Everything from the line with "Großstadtdschungel-Graffiti am Niddapark" down to the line with "MRG Baritone Guitar" below must be printed exactly, those two lines included. Exclude pictures.

RECORDS FOR THIS EXERCISE:

####

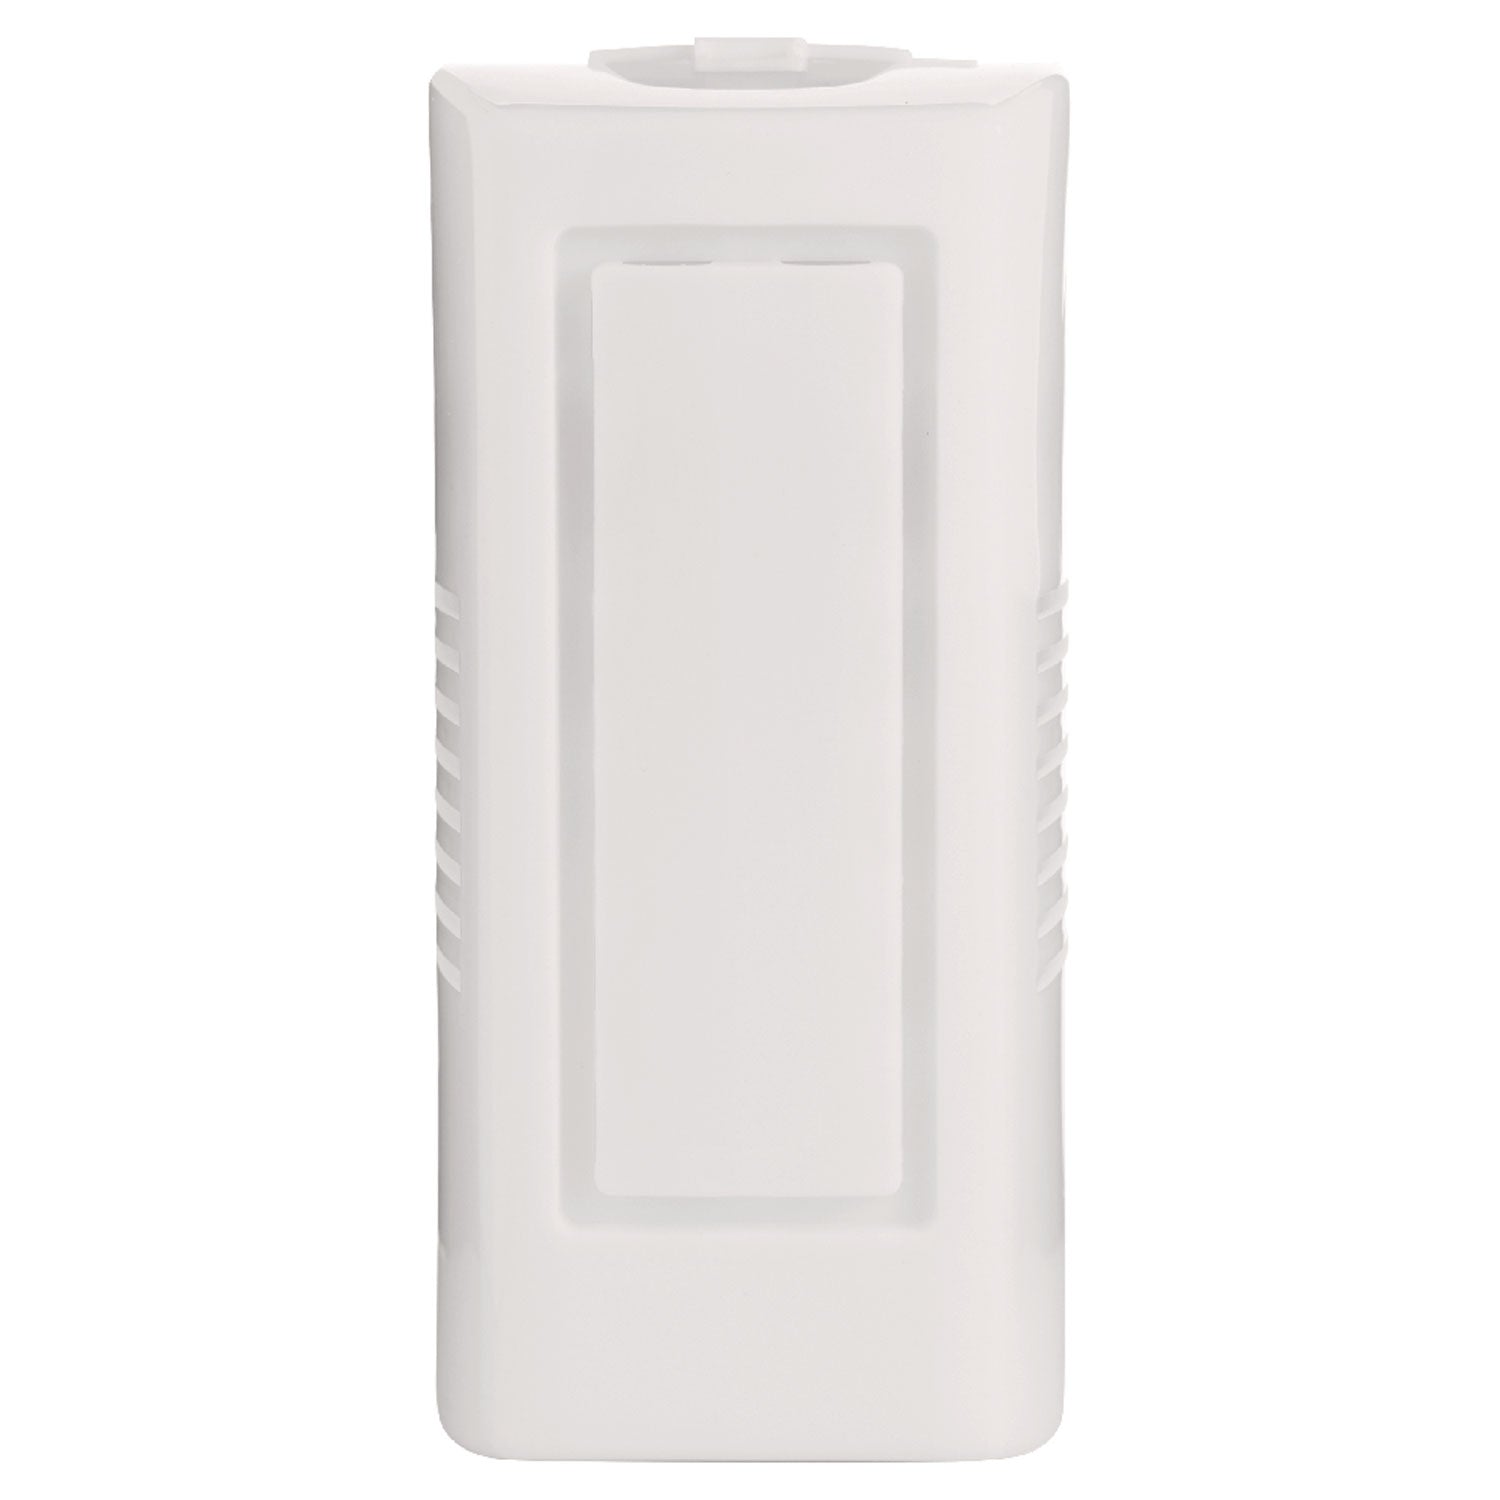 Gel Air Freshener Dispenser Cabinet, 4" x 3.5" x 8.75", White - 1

####

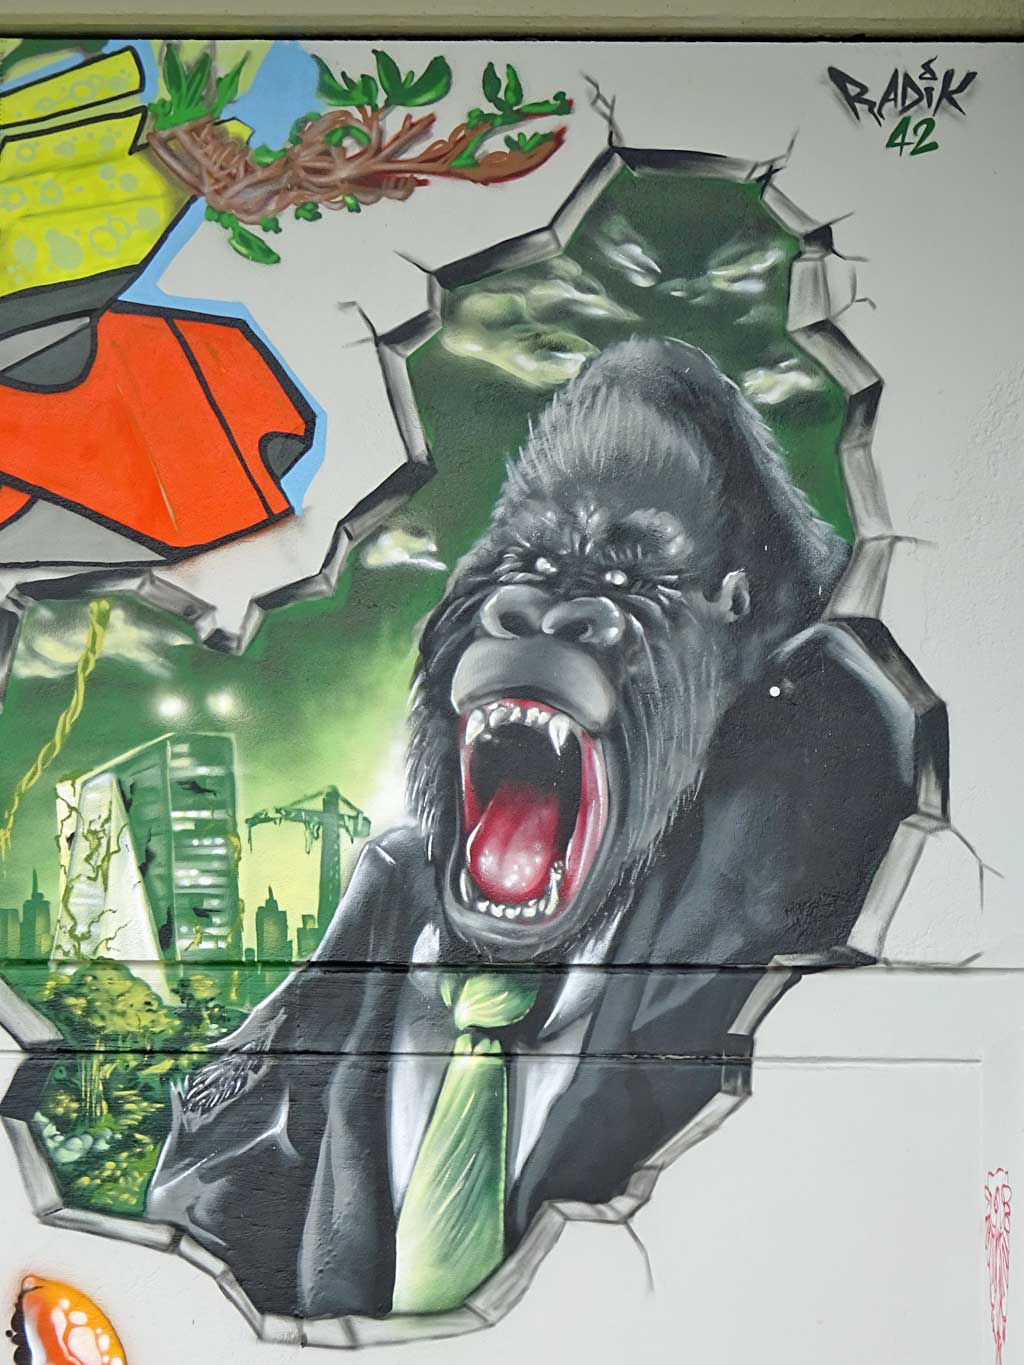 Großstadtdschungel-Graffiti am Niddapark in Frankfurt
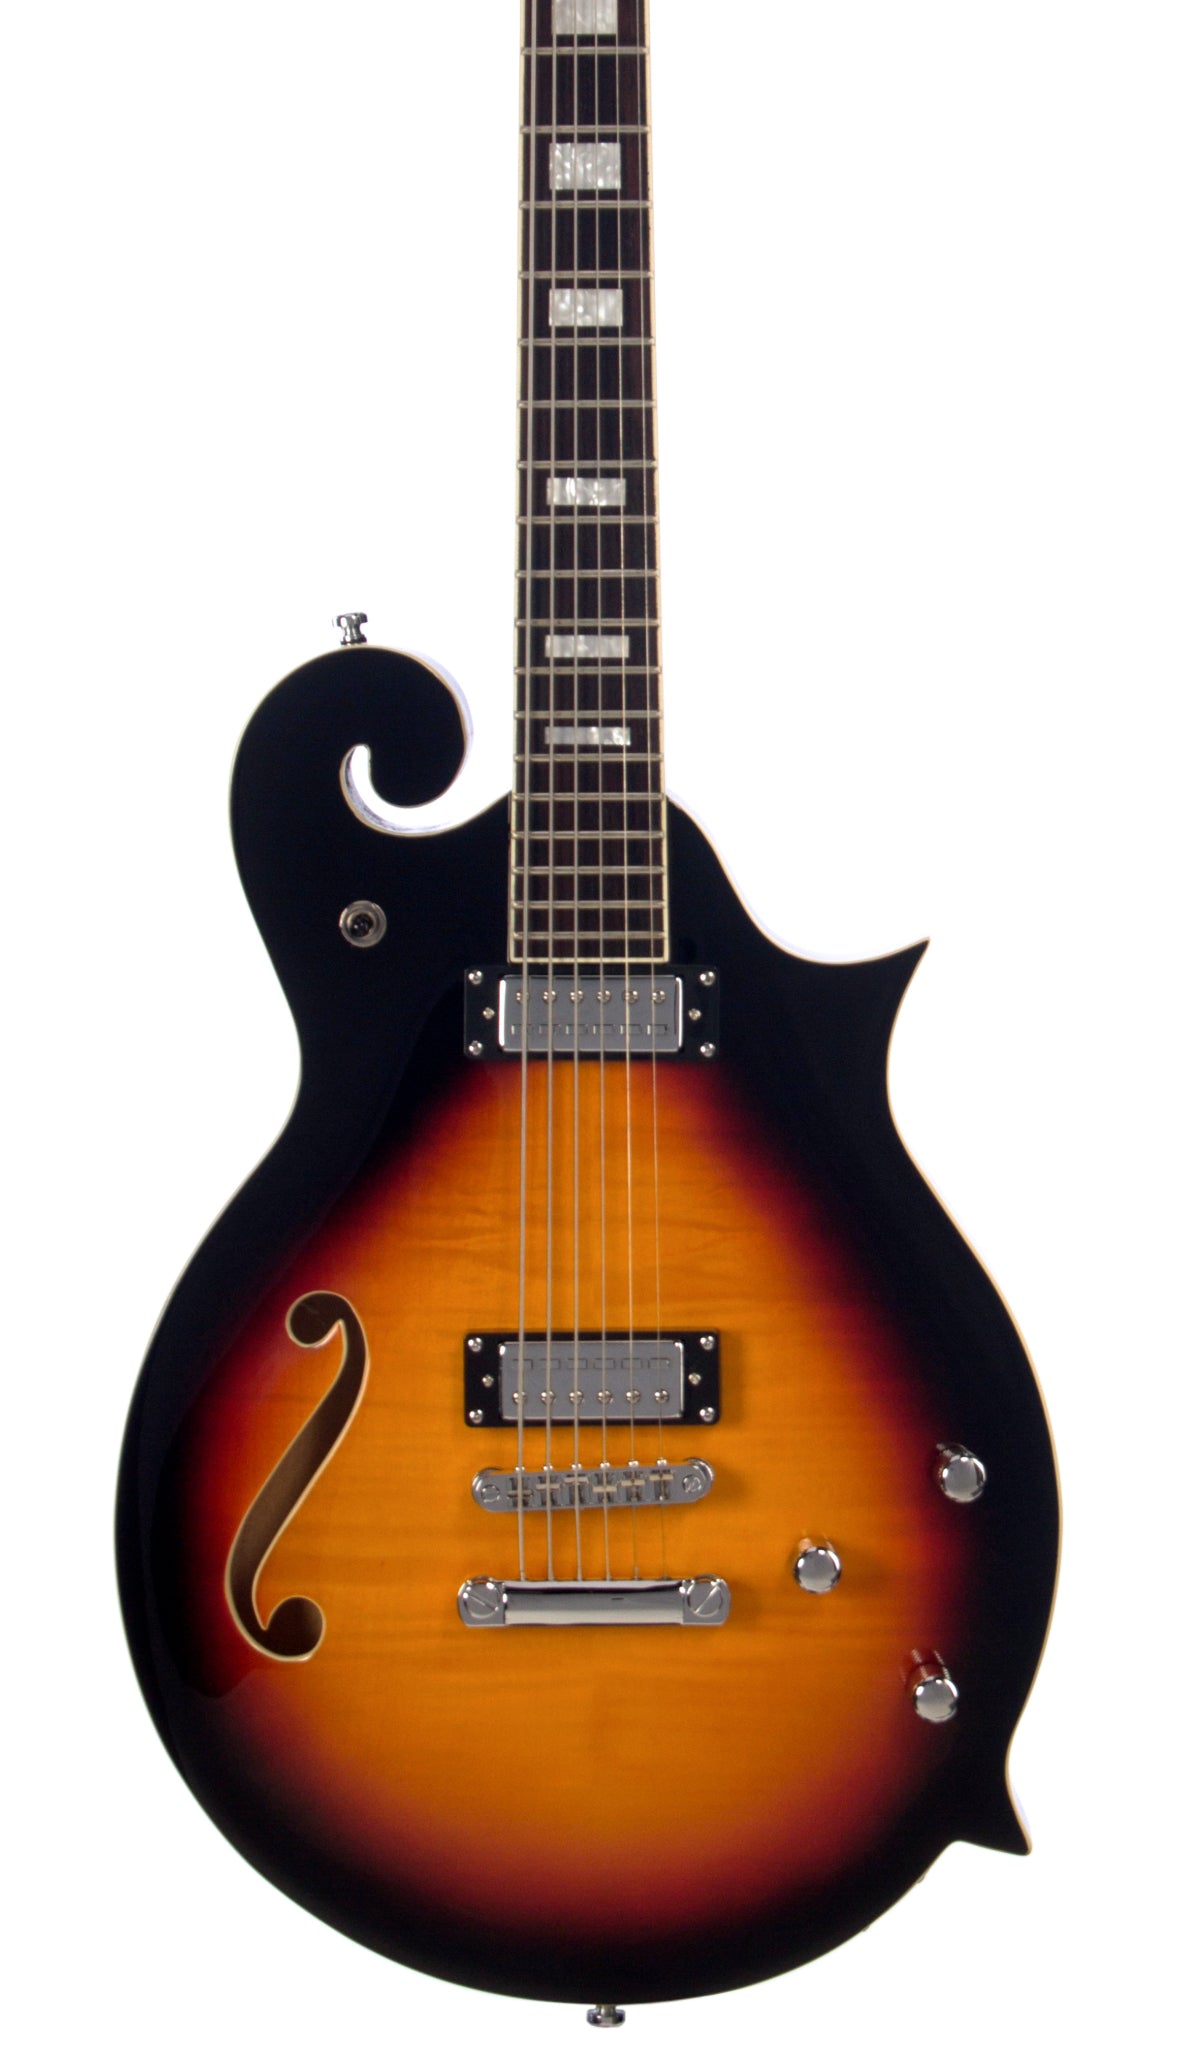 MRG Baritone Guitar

####

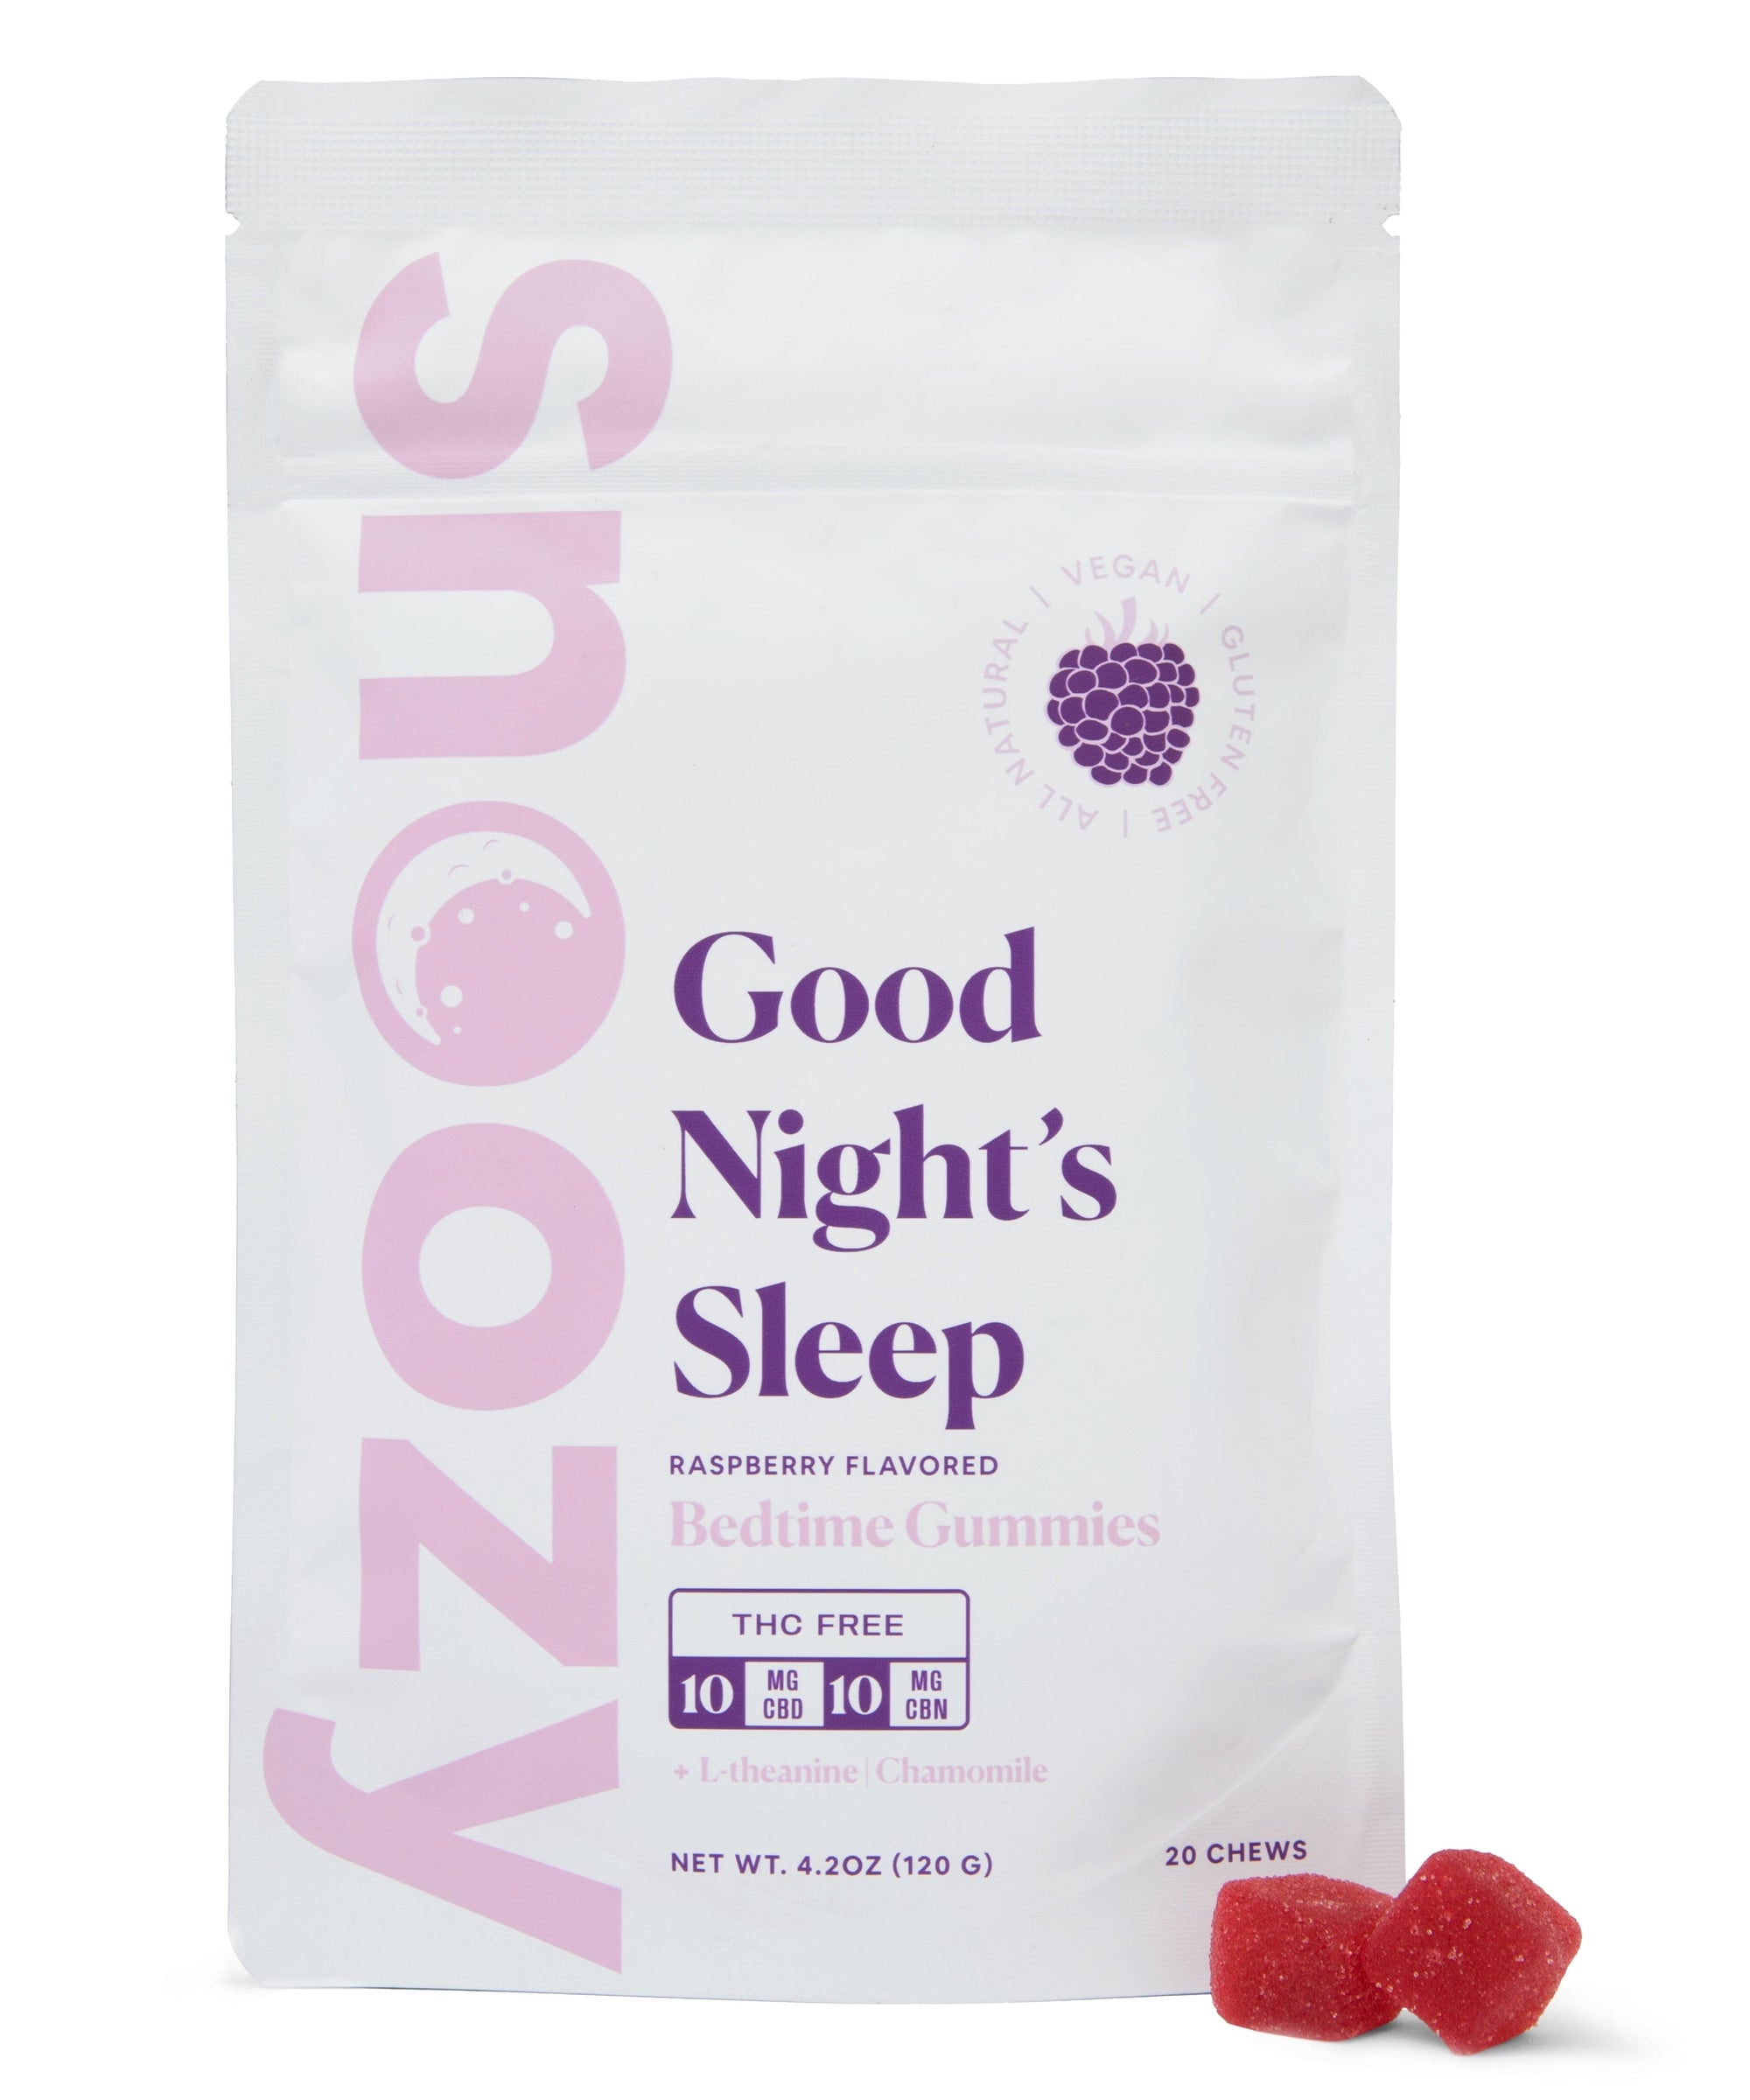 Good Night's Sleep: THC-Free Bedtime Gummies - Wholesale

####

REPLY TO THE EXERCISE:
 Großstadtdschungel-Graffiti am Niddapark in Frankfurt
 MRG Baritone Guitar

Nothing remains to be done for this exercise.